Flabbergasted. I’m surprised to hear that word coming out from his mouth, although my surprise may say more about me than about him.

“Are they going to send someone from Catalina, then? That’s the only thing I told you to ask.”

“No,” he snaps, and I can tell he is fishing for a stupid remark, but he settles with a shrug. “They said it’s up to us. I don’t think they want to deal with monsters. Not their thing.”

“I guess you didn’t mention that we have never dealt with a murder here, and that they have much more experience than us, and that some supervision might be appropriate?”

“Nah, but you know what they are going to say if you put it like that. I mean, it’s quite a clear-cut case, ain’t it?” Seb nods in the direction of the monster. “It’s not like we are going to mess it up and charge the wrong guy.”

Instead of expressing my annoyance out loud, I turn around and recite his rights to Gary. “Gary, I am going to charge you with murder.” I try to discern if he is listening. I try to be ready for any bad reaction. For a while there’s no movement and I think he may be sleeping, but then he nods.
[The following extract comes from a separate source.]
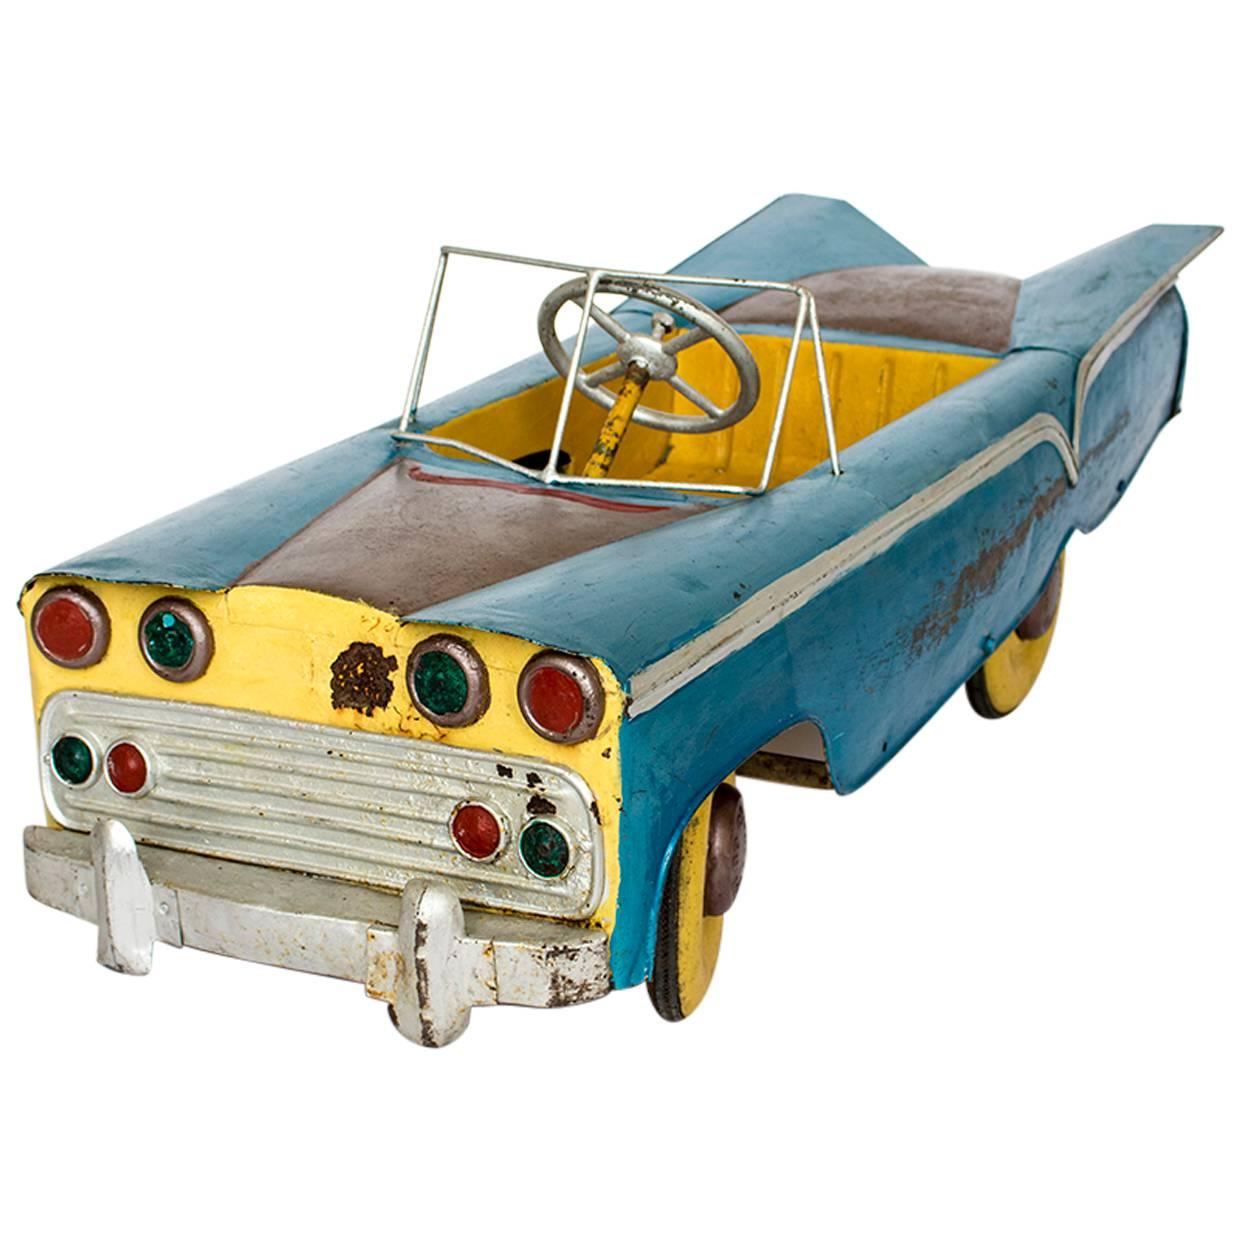 Unusual Burmese Painted Model Pedal Car, circa 1950s -1960s Childs Toy For Sale

His hair, like a bundle of weathered ropes, swings forward and then smacks his face. “You have the right to remain silent. Anything you say can and will be used against you in a court of law. You have the right to an attorney. If you cannot afford an attorney, one will be provided for you.” Of course he will have an attorney, I feel silly mentioning that. Among many other things his father has an army of attorneys. “Do you understand what I said, Gary?” 

Gary nods again. “Sorry,” he says. You can tell he has tried to lower his voice, but it still comes out loud and deep, like the sound of a tuba.
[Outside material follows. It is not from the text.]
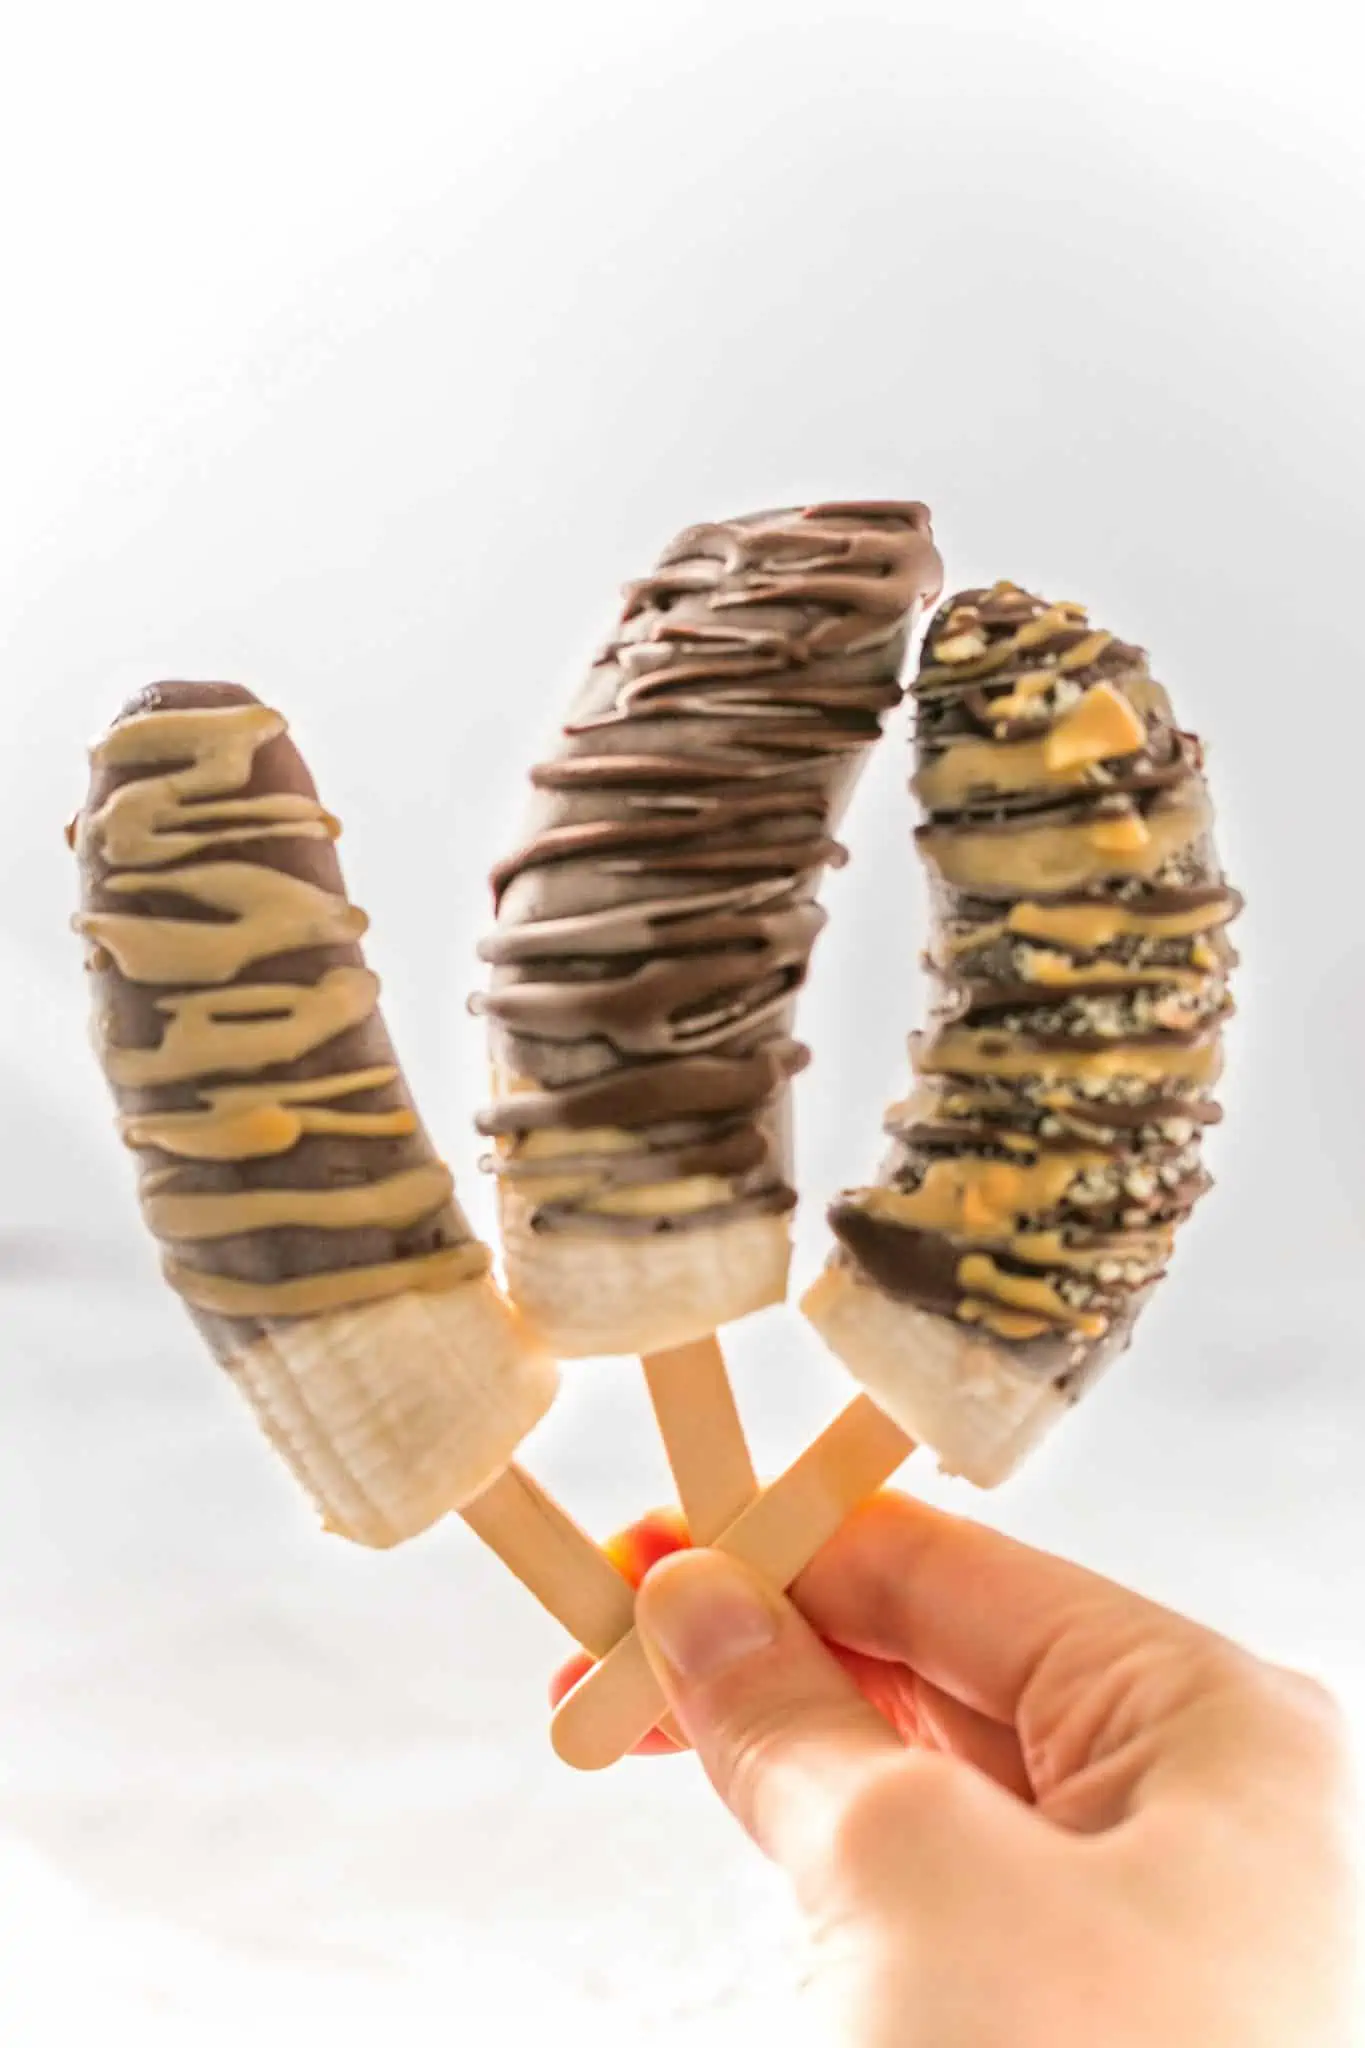 Hand holding three banana popsicles dipped in chocolate.

“You don’t need to say anything, Gary,” I tell him. “Seb, why don’t you go ahead and make yourself useful, take some pictures and then search for fingerprints. And you called the doctor, right?”

“Yeah, he’s on his way. But why exactly do you want me to look for fingerprints? What do you expect me to find?”

“Just do it. Let’s go by the book on this one, if you don’t mind.”

“Whatever you say, boss. Good thing it’s a clear-cut case, at least. Like I said, no real investigation. No mystery to solve.”

“I guess so, Seb, I guess so.”

“What a mess you have created, Gary,” Seb says while taking pictures of the cadaver. “Too much sun on that head of yours? Going a little crazy in there?”

“Leave him alone, Seb.”

“I just… felt hungry, I think,” the monster roars. “It just made sense. I’m so sorry. I don’t know how it happened. But I didn’t think about it. It was quick.”

I like the idea of it having been quick.

“If you were so hungry why didn’t you eat it all up?”

“For the last time, Seb, stop harassing the suspect.”

“Well, your father is going to be very pleased with you, eh?” Seb laughs at his own remark. 

I tell Seb to shut up again, this time I yell. But he’s right. I am not looking forward to discussing the case with Jeremiah, the Governor of Rosalinda and Gary’s father.